I've wasted 3 times as much money on an inferior enzyme product before.

That being said, it's the only Grow More I've used.

Im for sure going to try more of their stuff and see where it takes my crop in the future.
 

Hermitian

Active Member
Grow More's Bio-Cozyme is rocking my proverbial socks this grow.
It is certainly a good product. I think of it as their fourth generation hormone product. The fifth generation product is Grow More's reformulated "Jump Start" which in my trials was cheaper per dose and more effective. Consequently I removed BioCozyme from my inventory. I'd be interested in feedback (public or private conversation) from growers who have tried both, and also from experienced growers that would like to try a side-by-side comparison.
 

rohis

Well-Known Member
I would love to do a side by side with various enzymes on the market. So many people in the grow community aren't using enzymes, but that's certainly going to change over the next year or two when they see how helpful they can be.

The problem with doing enzyme side by sides is they are usually one of the most expensive 'bottled nutes' you can buy except for the grow more stuff, of course.
 

Hermitian

Active Member
Hmm ... in the agricultural world, enzyme products have been available for at least half a century.

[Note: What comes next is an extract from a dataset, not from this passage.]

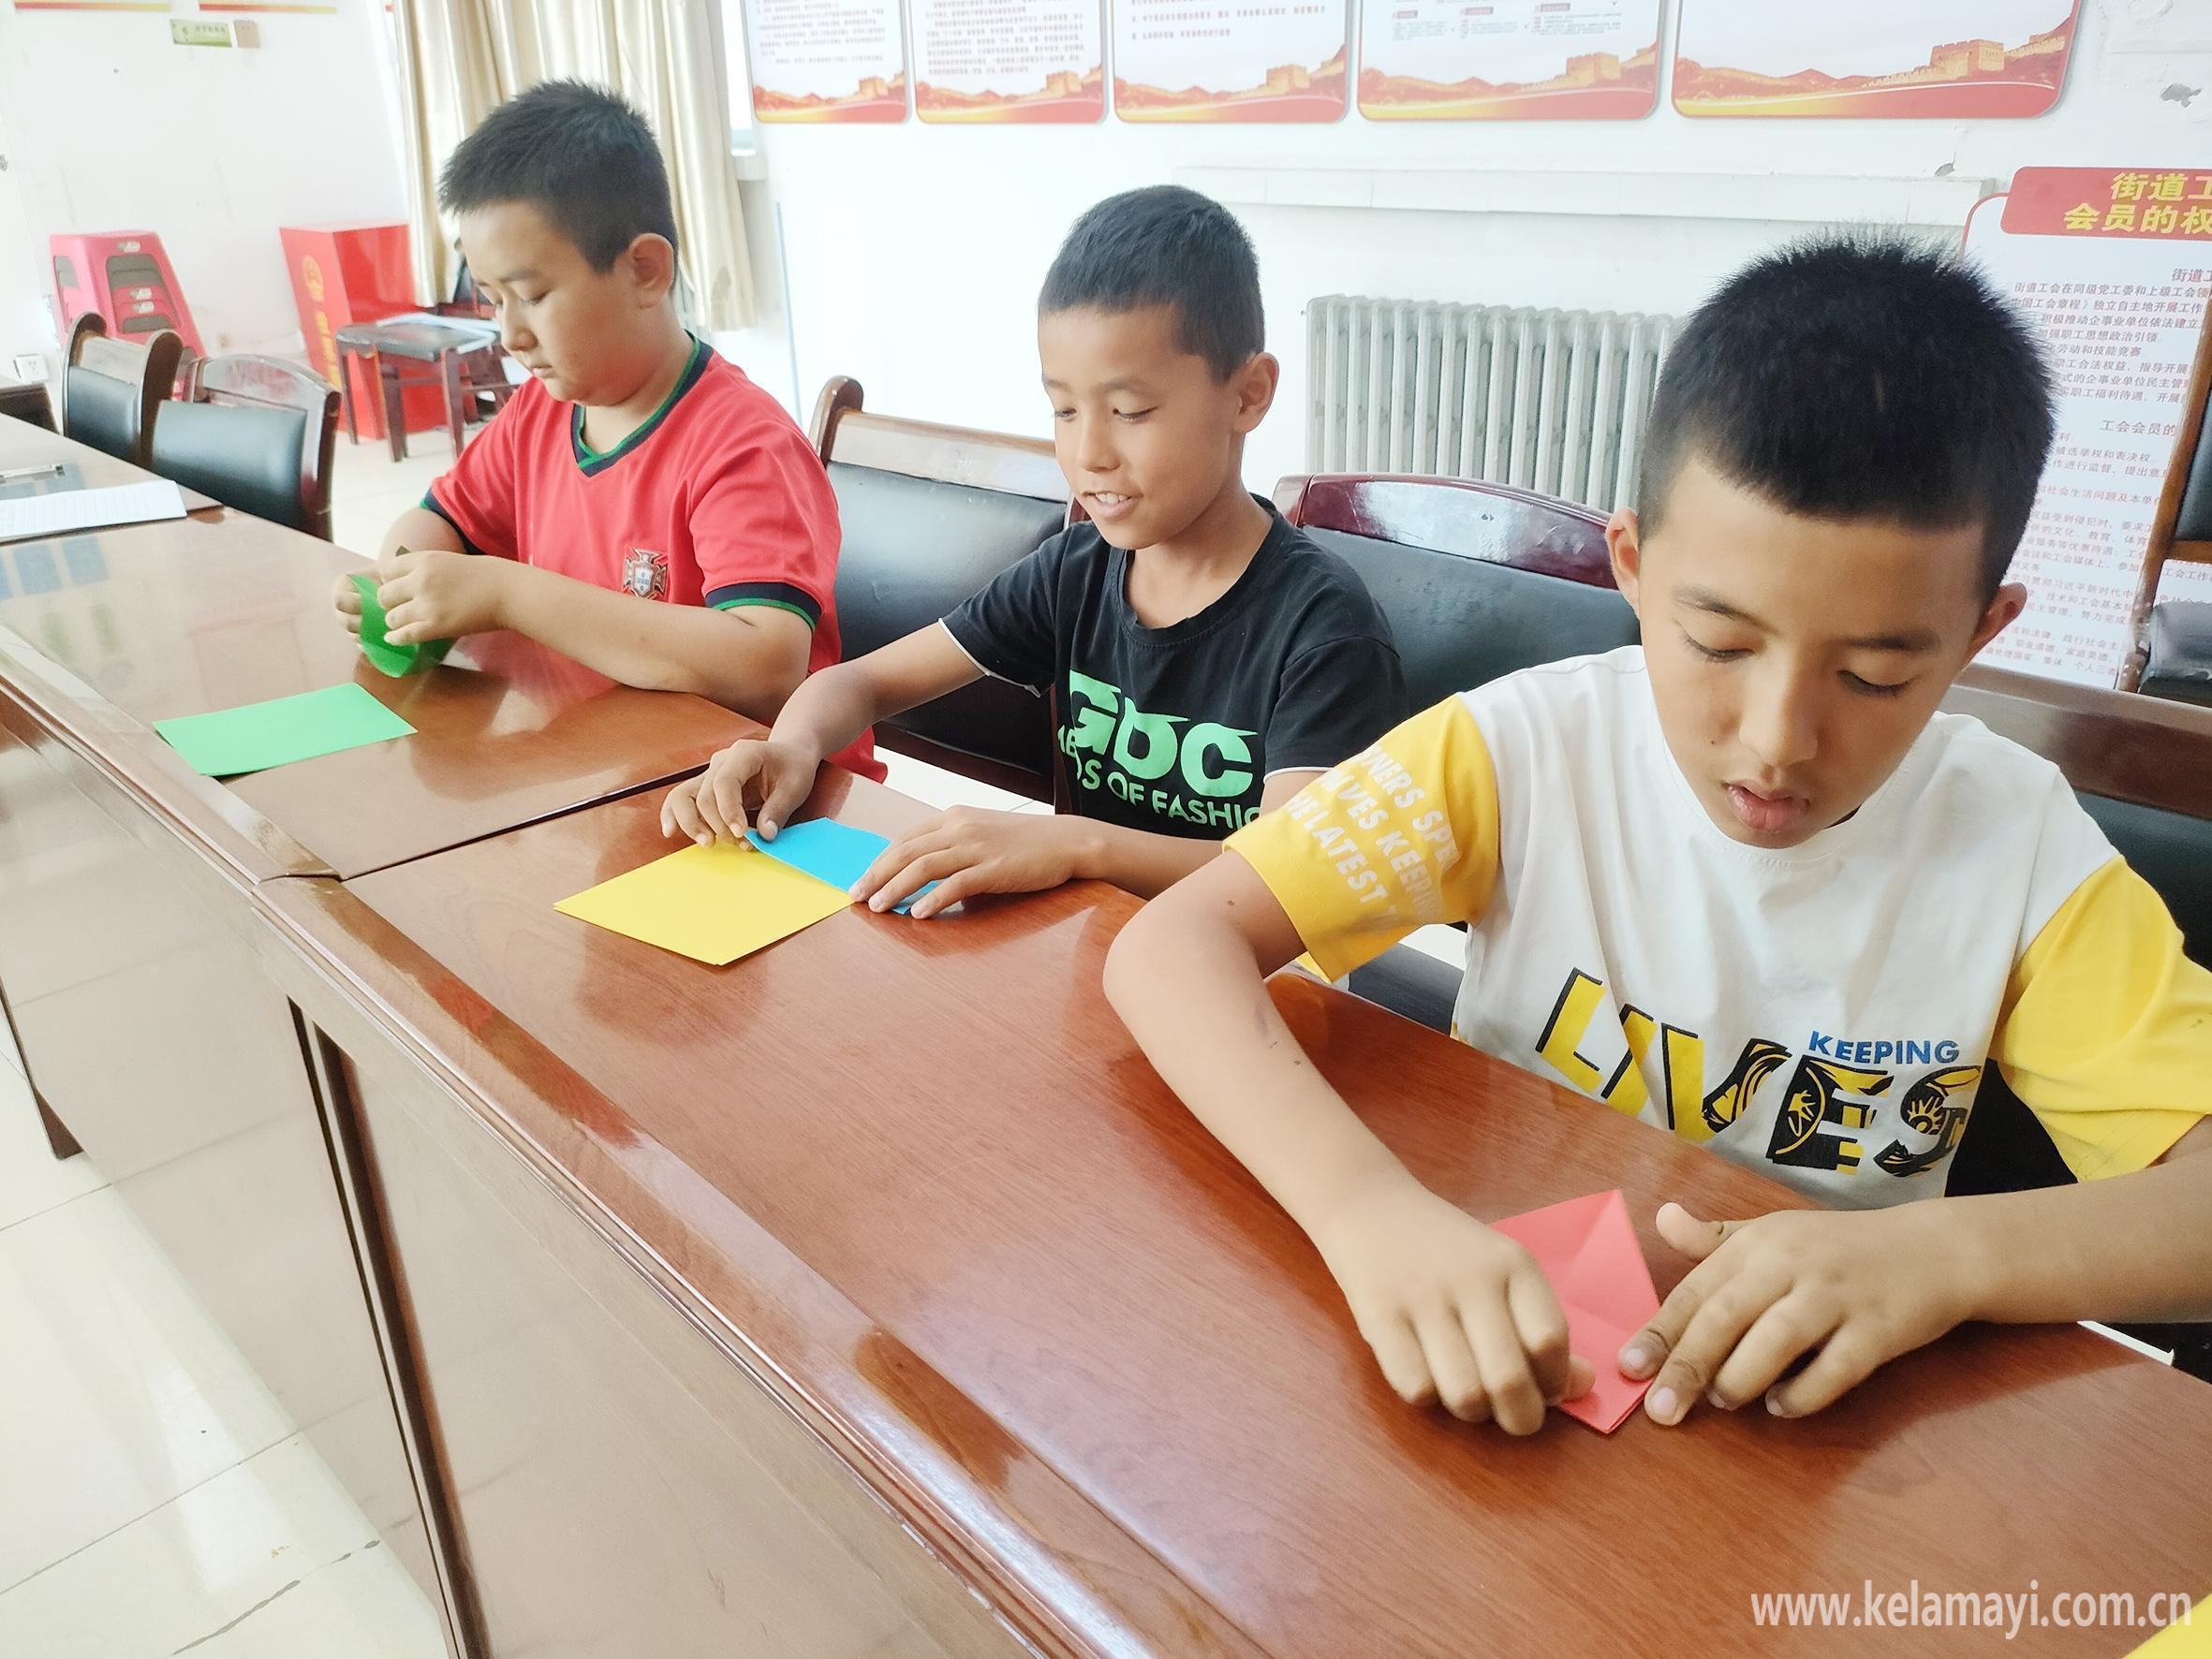 杨丹丹 摄5月31日,白碱滩区五新社区与市第十六小学,晨光幼儿园开展

The truth about enzyme products is that their main active ingredients are not enzymes but rather plant hormones, auxins and other plant growth regulators that increase or decrease specific enzyme production in plants. In particular when you see "contains extracts of alfalfa, barley, seaweed" -- this tells you that the product contains one or more natural extractions of triacontanol, gibberellins, IAA, etc. Not only is dosage key to getting desired results, but also the product needs to have these compounds in certain ratios to each other -- or risk sending the plant mixed messages. The extraction process is not simple on an industrial basis so the price can be high and the results -- although food grade are not "pharmaceutically clean". You'll also notice on the label that the quantities or concentrations of these extracts are often not listed because fertilizing labeling laws don't require it. Rather, only substances that are considered plant nutrients (primary NPK, secondary and micro mineral nutrients) are required to be listed in the minimum amount present. So the numbers you see in "Guaranteed Analysis" represent the "nutrient" analysis of the extracts (which is not their primary function) plus any minerals the manufacturer might have fortified the product with. For example, the iron and zinc present in Grow More's Jump Start is probably there to provide vigor during the enzyme production. Further, you might find some "non-plant food ingredients" listed which are part of the extracts but might not be part of the product function. This can be either for advertising purposes or to distract would-be copycats from deducing the product contents.